Reading guide for entertainment girlsQuality assurance runs through the whole R & D process. As the builder and guardian of quality, testing needs to guarantee not only the functional quality after testing, but also the quality and efficiency of the whole R & D process. Share Youku’s practice process of improving R & D efficiency and quality through quality assurance construction.
This series of articles will be published one after another, interested friends continue to pay attention_

What does the quality assurance of server do?

Before answering this question, we should first look at the factors that affect the quality of the server? From the perspective of the current server R & D process, the whole stage of a requirement launch and the main activities of each stage:
Youku quality assurance series (1) -- Practice of server stability assurance
It can be seen that quality related activities run through the whole R & D process. As the builder and guardian of quality, testing needs to guarantee not only the functional quality after testing, but also the quality and efficiency of the whole R & D process.

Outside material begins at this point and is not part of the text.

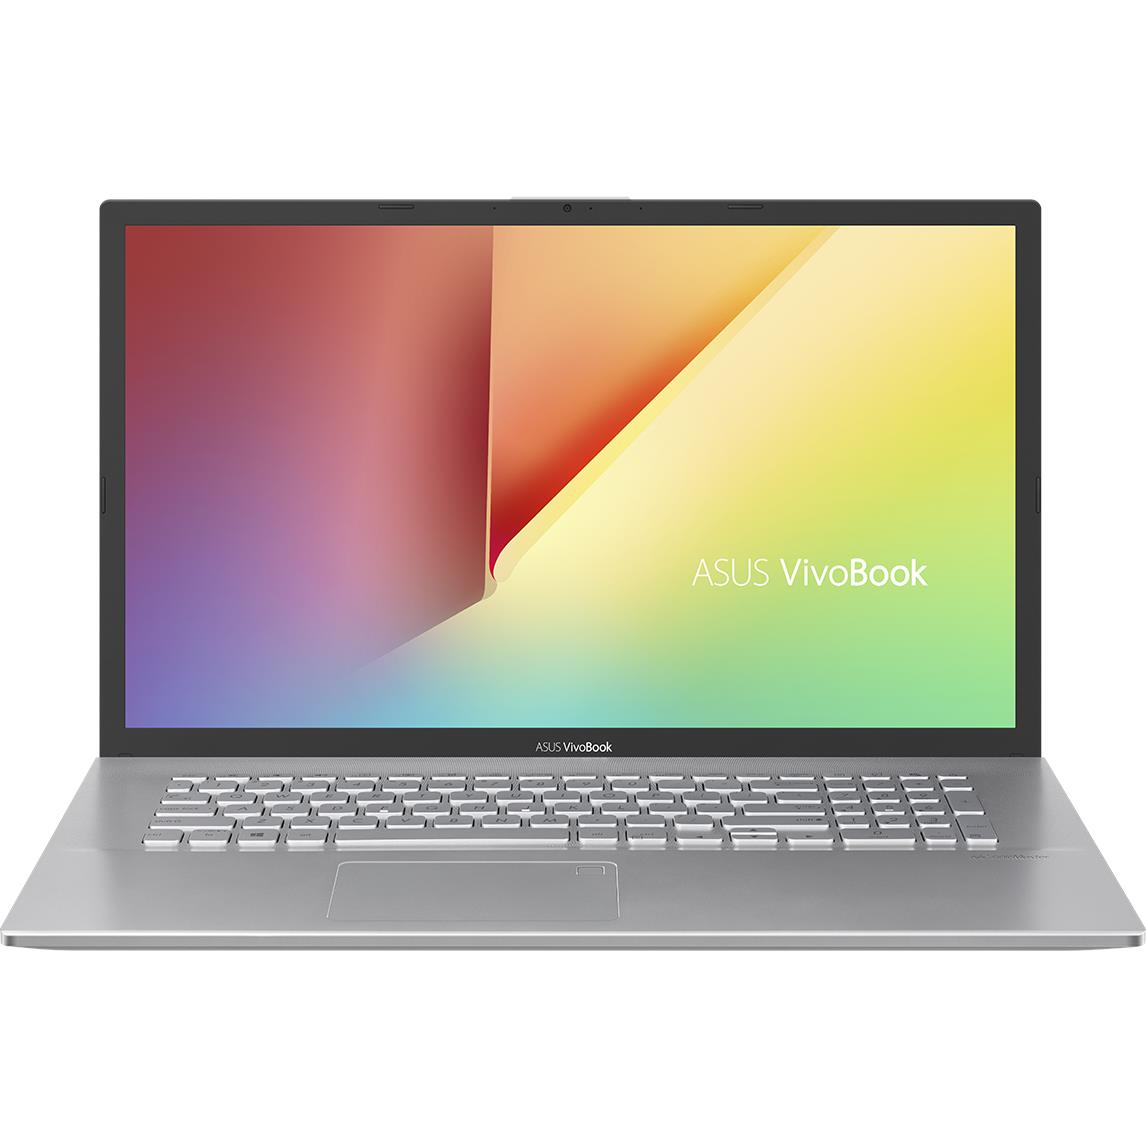 asus vivobook m712 17.3" full hd laptop (512gb) [ryzen 7]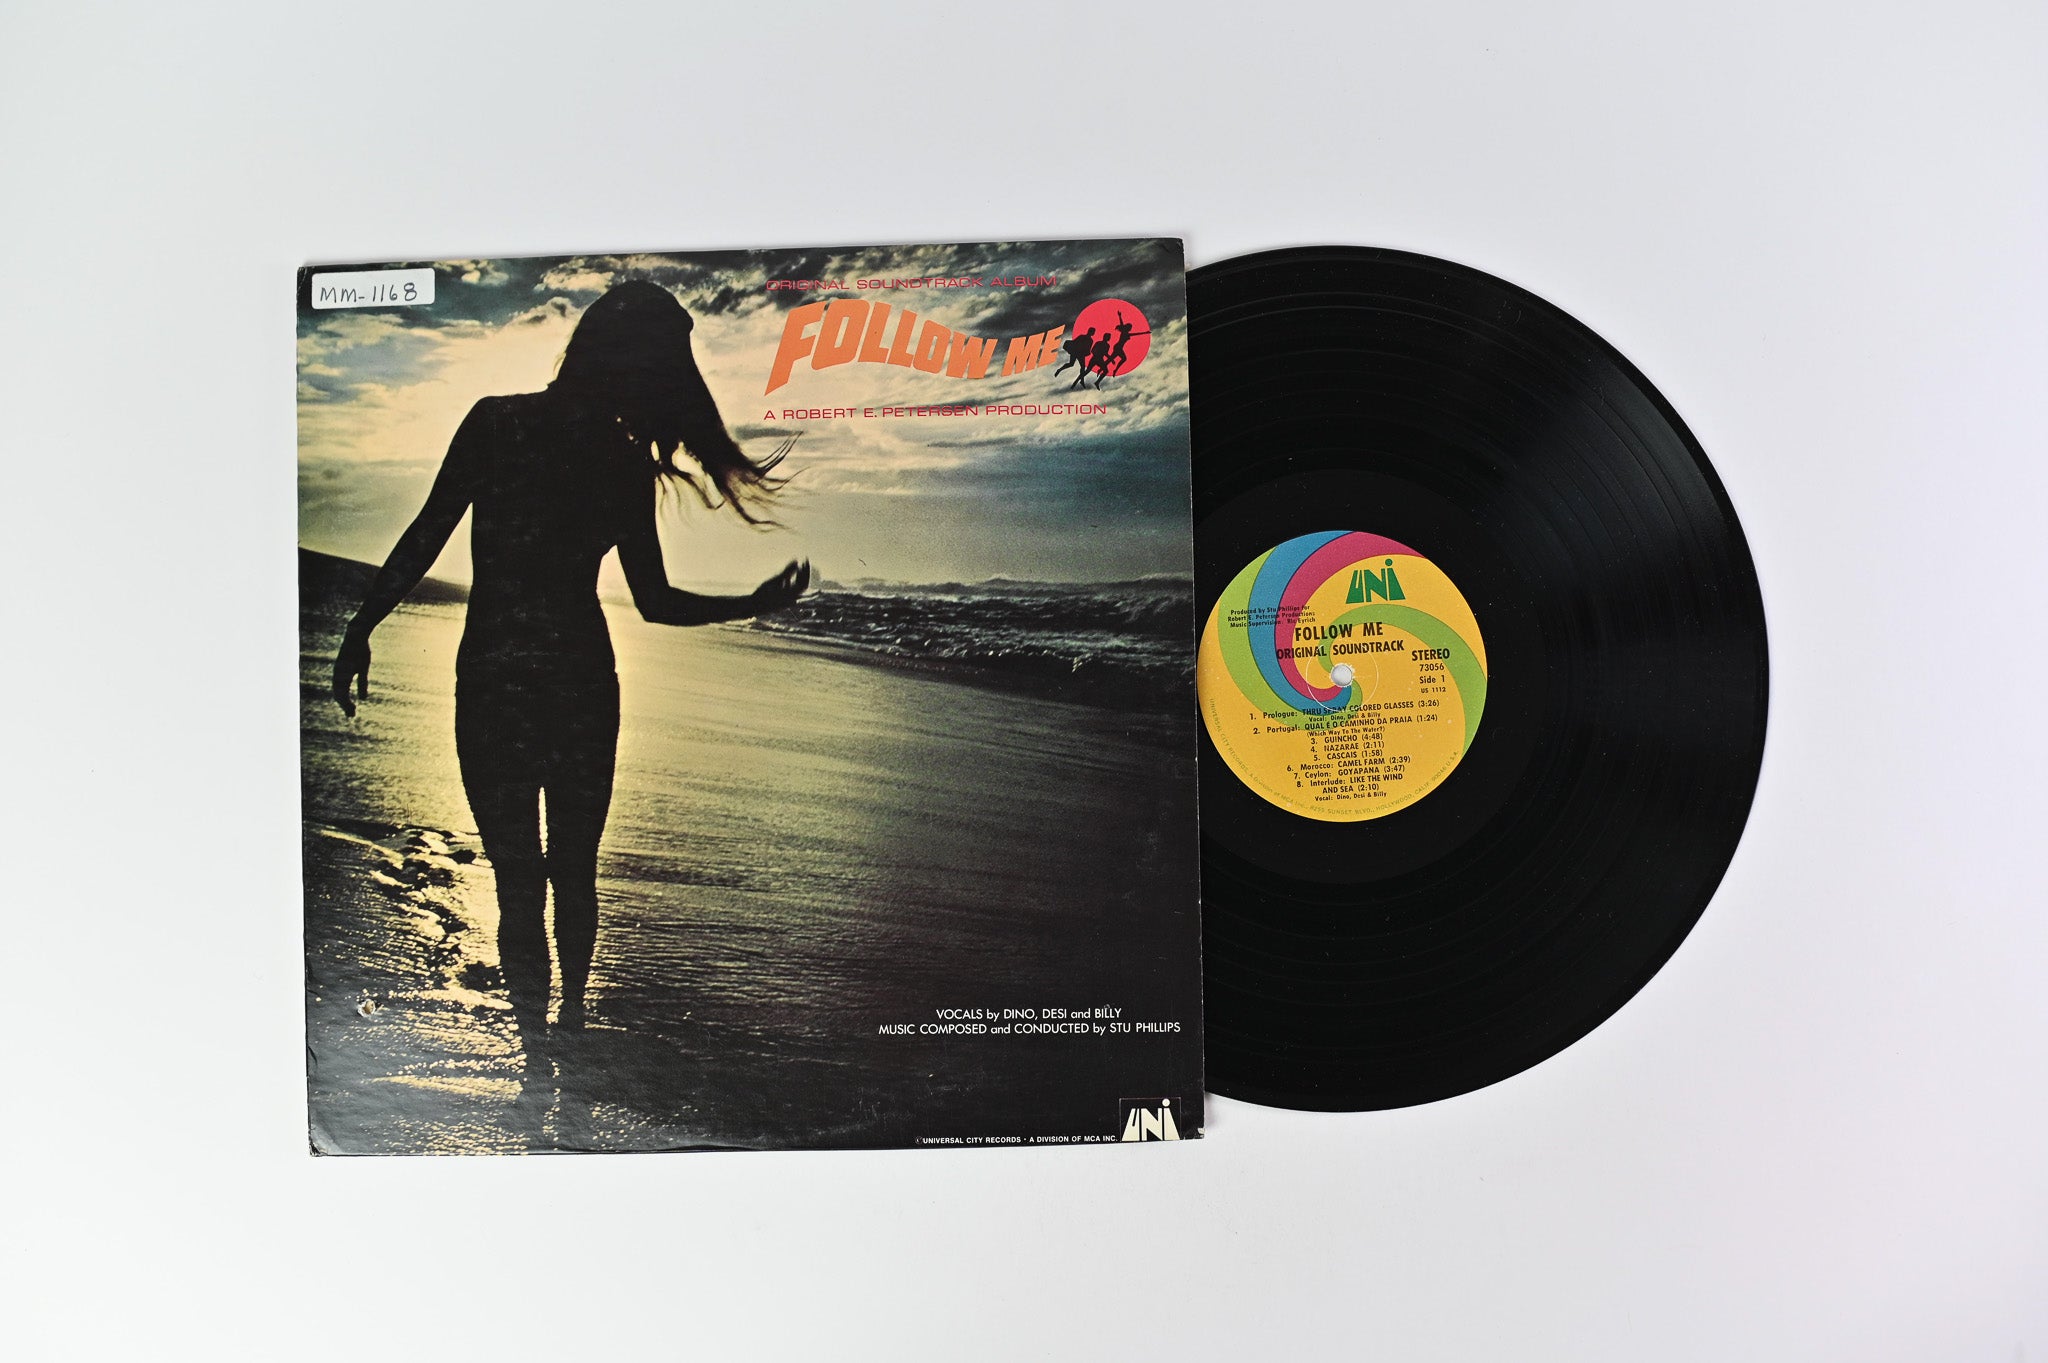 Stu Phillips - Follow Me (Original Soundtrack Album) on UNI Records

Define the main factors affecting quality in each stage:

Requirements validation: the effectiveness of requirements and business value
Program audit: the rationality of the program and the quality risk caused by the change
Code development: code logic and coding specification
Offline validation: efficiency and quality of regression testing; Efficiency and quality of new function testing
Safety production: the effectiveness of observation flow; Adequacy of quality verification
Online publishing: online stability guarantee mechanism and exception checking capability

Combined with the business characteristics and R & D status of Youku, the guarantee contents that need to be focused on at present are determined

Code development: through the establishment of static scanning and unit testing, the continuous verification of the submitted code can be realized
Offline verification: ensure the quality of test code and offline acceptance;
Safety production: ensure the effectiveness of safety production verification
Online publishing: guarantee the stability of online services

It can be summed up in one sentenceThe service side quality assurance system is to build the automatic test support capability that fits the business characteristics, and integrate into the key quality stages of the R & D process(Test accessSmoke testing Raise testregression testingSafety production verificationOnline publishing)To ensure the sustainable integration, deployment and release of application changes.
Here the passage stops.